- Divorce, Wealth management, Women & Money
Separation and divorce can be a difficult time, when numerous legal and financial practicalities demand attention while also navigating the emotional journey. It can be difficult to know where to start, how to prioritise what is most important, and make long-reaching decisions for the future.
We take a look at the top 10 most frequently asked questions we hear about finances during divorce time, to help with any thoughts you may be experiencing if you are going through this stage of life.
Information is key.
Actively listen, gather and understand information related to your finances (both separate and mutual). Make a list to give you clarity of thought.
Know your pensions
As a starting point, take a look at your pension statements. Perhaps get a state pension forecast, so you know where you stand. Think about where you have both worked over the years: how long did your partner work at each employer; is there a forgotten pension somewhere?
Listen to your partner when they talk about how much tax they have to pay, or if the stock market has fallen, and maybe ask “why?”, as this could indicate financial assets. Do they have any crypto currencies?
Become aware of how and where your household spends money. If you have access to a joint account and can safely have a look, be curious about where money goes.
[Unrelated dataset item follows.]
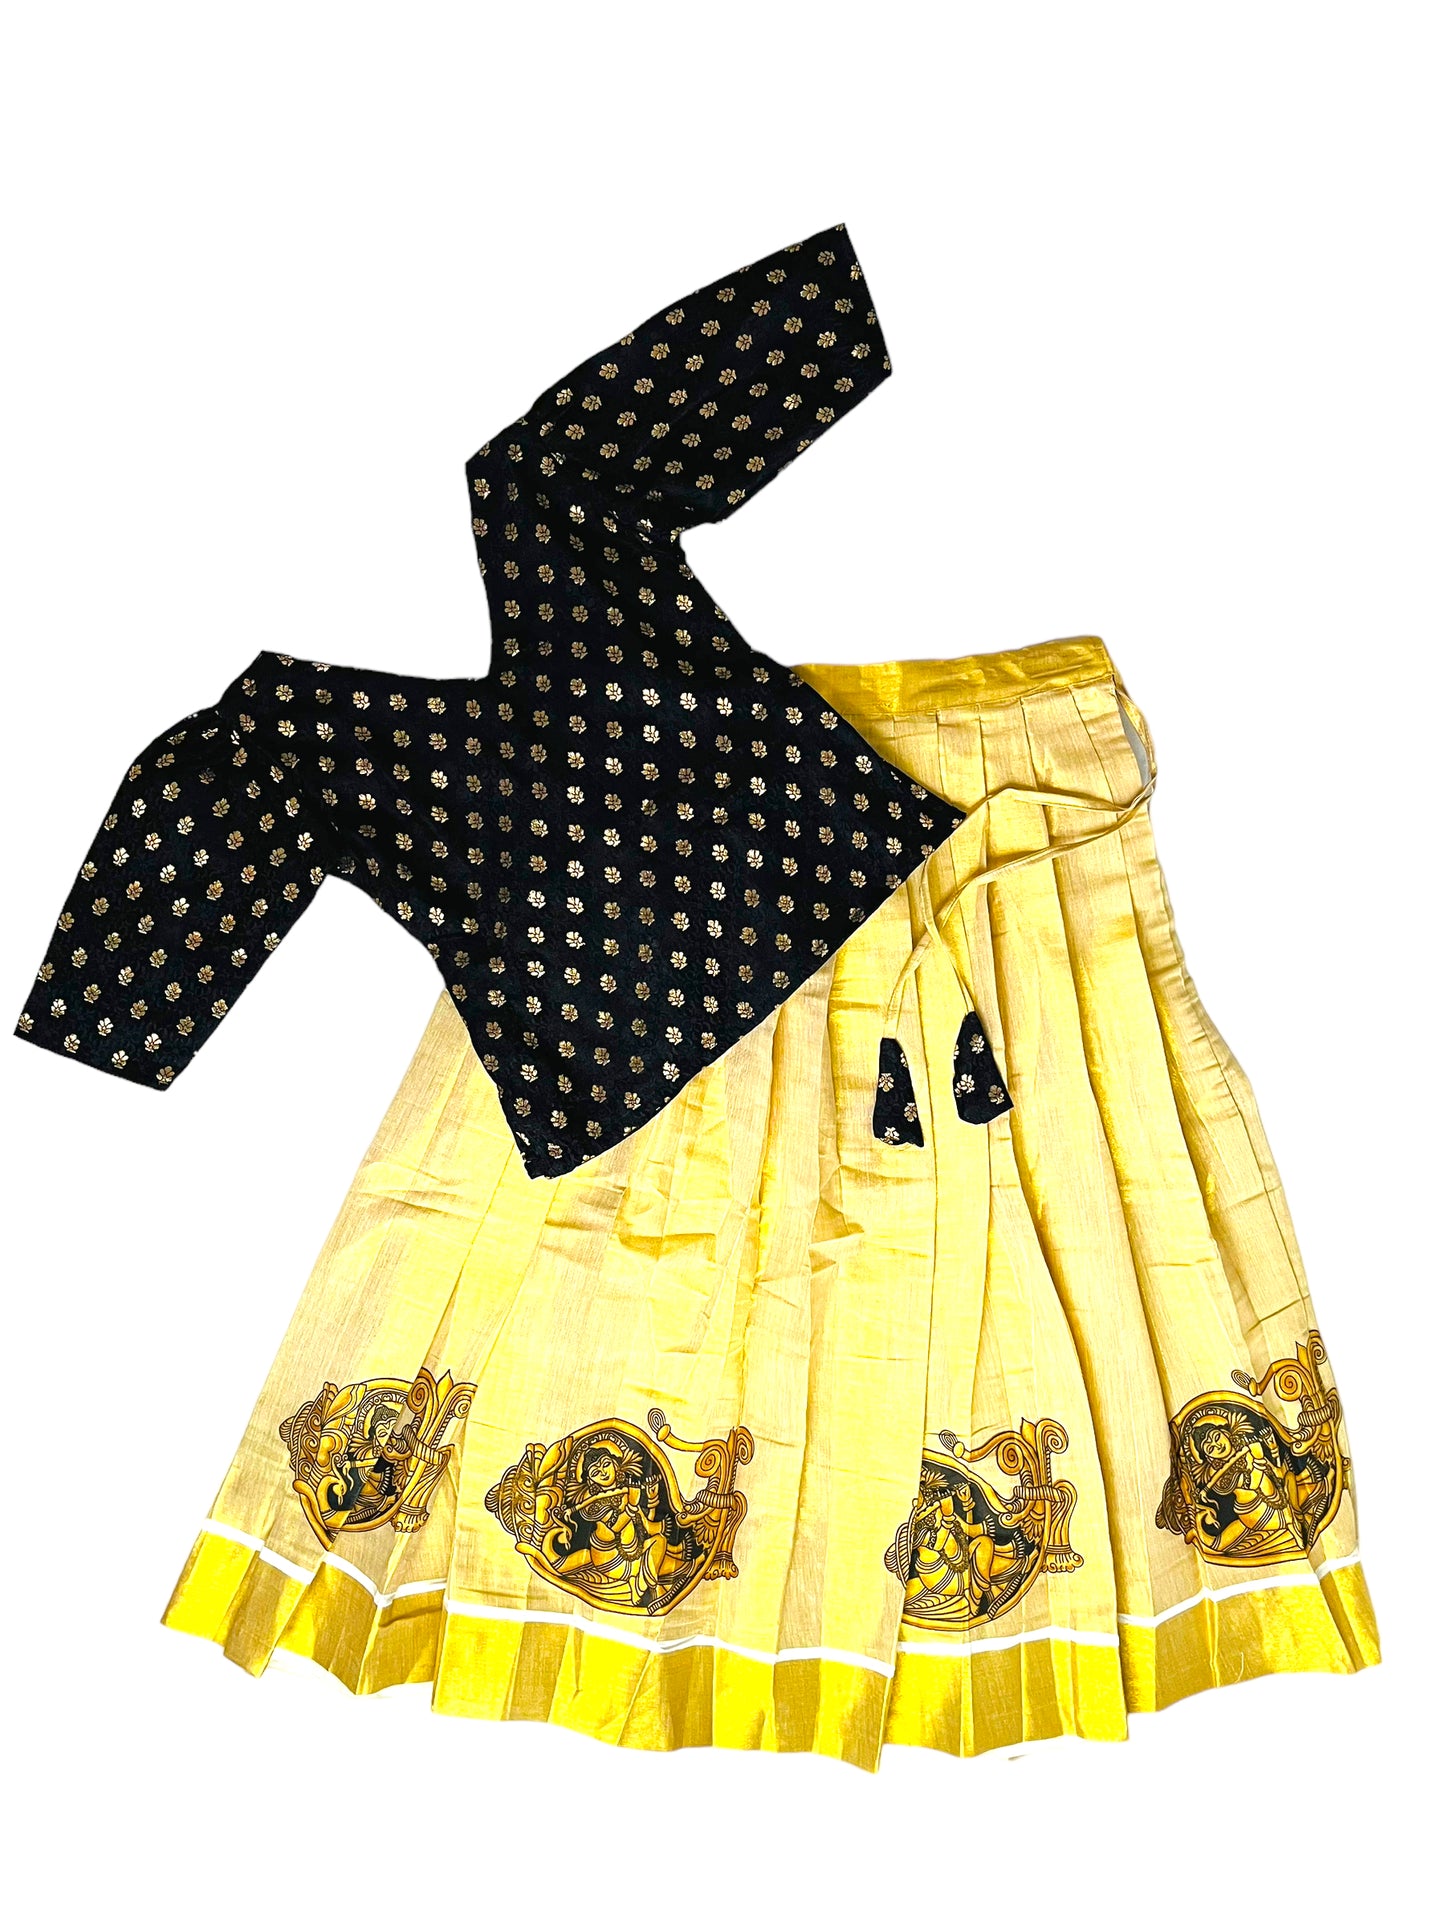 Girls Pattu Pavadai |Black Gold Skirt blouse| Kerala Onam Dawani| Set Saree| Indian  Onam saree | kerala Saree |Pattu pavada| Age 8-14

Think about how much you might need. How will your life look financially? Most people assume their costs will halve after divorce. Whilst some costs may reduce, others will actually rise, and this can catch many couples off guard. For example, there will be two amounts of council tax and energy bills, rather than one. Think about what your costs will be, and what you really need. What about holidays and luxuries? What level of mortgage could you manage on one income?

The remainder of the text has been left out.